The order of the emotions in the sphere of affectivity moves from levels of ontologically
lower feelings to higher emotions—the highest of which Scheler considers love. This order ascends
from the more primitive “vital” emotions of pleasure and displeasure, toward the highest “spiritual”
emotions of beauty, truth and a sense of the sacred, or what Scheler describes as “feelings of the
personality."100 Moving beyond the strict method of Husserlian phenomenology, Scheler takes into
account the particularly spiritual nature of man, and emphasizes the intuitive knowledge of man—an
epistemology rooted in love— that is key to approaching his form of phenomenology.101 Scheler
defends these claims of an “investigation” into the realm of love, as “love relates, in the first
instance, to what has value, and to man only to the extent that he is endowed with value and capable
of advancement in this respect.
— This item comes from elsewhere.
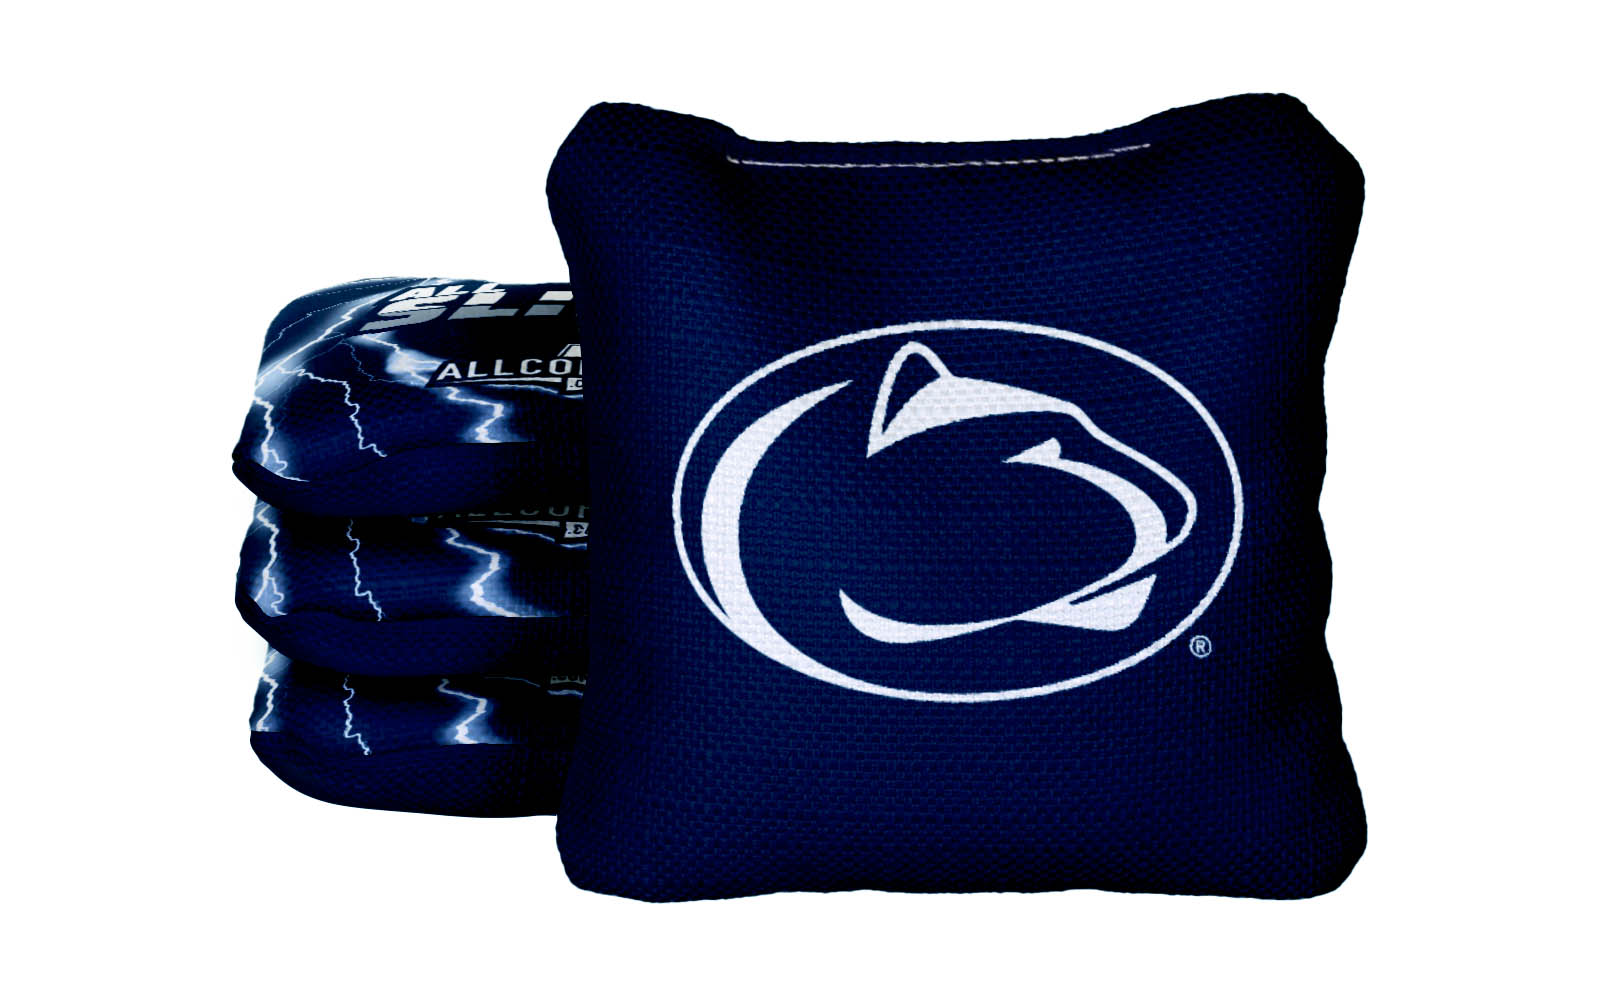 Officially Licensed Collegiate Cornhole Bags - All-Slide 2.0 - Set of 4 - Penn State  University

These acts and their laws can be investigated by means of a
phenomenological reduction.102 According to Scheler there are four levels of values, which he calls a
“stratification of the emotional life,” which move from simple sensible feelings to the vital, and from
psychological to spiritual emotions. The first two levels are labeled “feelings” in particular because
of the passivity of their nature; they “do not have a lasting duration, are not divisible in space…are
devoid of deeper levels of satisfaction, and are localized in a particular part of the body.”103
Through these faculties we arrive at a “sensuous” understanding of reality, which is essentially the
100 Eugene Kelly, Material Ethics of Value: Max Scheler and Nicolai Hartmann, 32.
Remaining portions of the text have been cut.